Flames president Ken King said he's optimistic the weather will co-operate, but noted winters in Calgary are unpredictable. Warm chinook winds, which have been known to drastically raise the temperature in Calgary during the winter months, could affect the outdoor ice.

"It could be as warm as now or it could be colder than words could possibly describe," King said.

King said the Flames and the NHL will develop a contingency plan that could involve moving the game back indoors if the weather is too warm.

"You've got to be able to keep the ice in. What you want is a good mid-range temperature day. Let's just assume we're going to get a perfect day for a great game."

While McMahon Stadium can accommodate 35,650 fans for football games, King said additional seating will be added for the Heritage Classic.

"We hope to have something in the order of about 40,000 seats," King said.

NHL commissioner Gary Bettman said a second outdoor game in Canada will celebrate the roots of the sport.
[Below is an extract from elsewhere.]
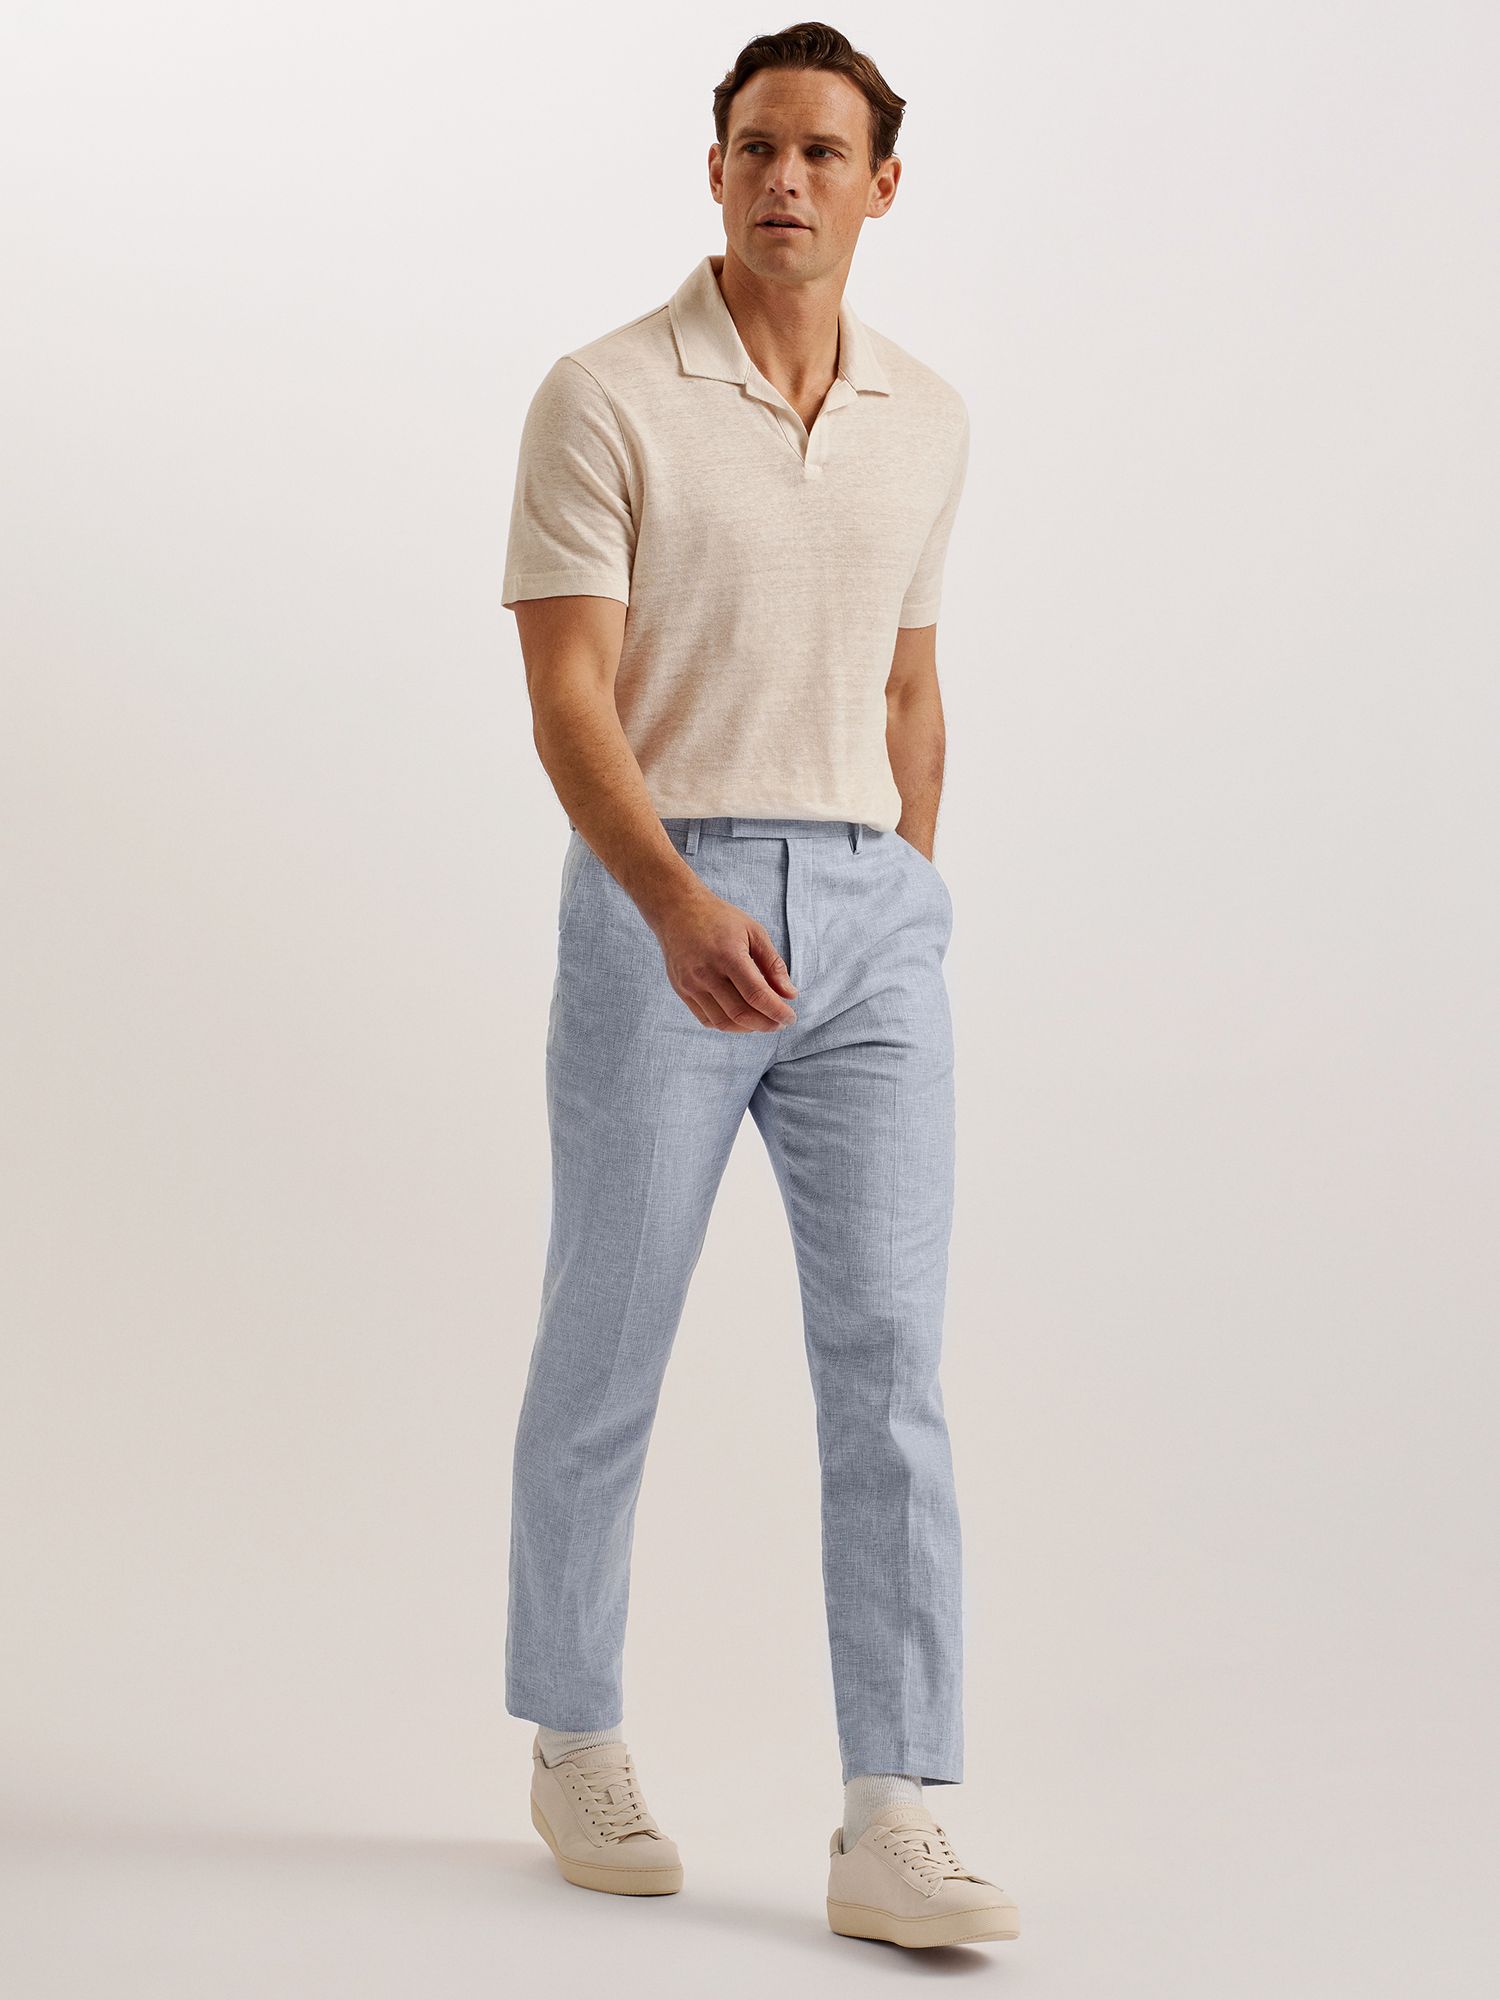 Ted Baker Damaskt Slim Cotton Linen Trousers, Blue Light, 28R

"As everyone knows, the roots of our game are in Canada," Bettman said. "And the roots of our game emanate from frozen ponds and backyard rinks in Canada. When you have a heritage as proud and as strong as we do, you want to celebrate it."

If it turns out to be exceptionally cold, it might provide an advantage for veteran Calgary blue-liner Cory Sarich.

"It might improve my game a little bit so I'm kind of looking forward to it," said the Saskatoon native, who played his fair share of outdoor hockey growing up. "I've played in all conditions. I've been out there where you could hardly handle being outside. I've played inside in some rinks where you felt colder inside than outside as well."

While the Canadiens will wear their current white jersey with a 2011 NHL Heritage Classic patch on the front right chest, the Flames will wear retro jerseys to honour the Calgary Tigers, who became the first major professional hockey team in Calgary in 1921 when the Western Canada Hockey League was formed.

The uniforms will feature a deeper red colour with gold stripes and a beige Flames logo.

"I think it's really cool," said Staios of wearing the "It's a great chance for us as players to show our respect to those players who played in the past and to the history of the game."

King also announced that the Calgary Hitmen will host a Western Hockey League outdoor game against the Regina Pats the day after the Heritage Classic, also at McMahon Stadium.

"It will be a sequel to this great event and will also afford an opportunity for more people to see our great sport played in the great outdoors," King said.

Having suited up for his hometown Kelowna Rockets for four seasons from 2000 to 2004, Montreal defenceman Josh Gorges said he was surprised to hear about the addition of the WHL outdoor game.

"I didn't even know that was part of the deal until the mentioned it today," Gorges said. "I can remember playing here in junior and you’d get 15,000 fans at a junior game, which I thought was unheard of. To be able to play an outdoor game for those guys has got to be really exciting for them."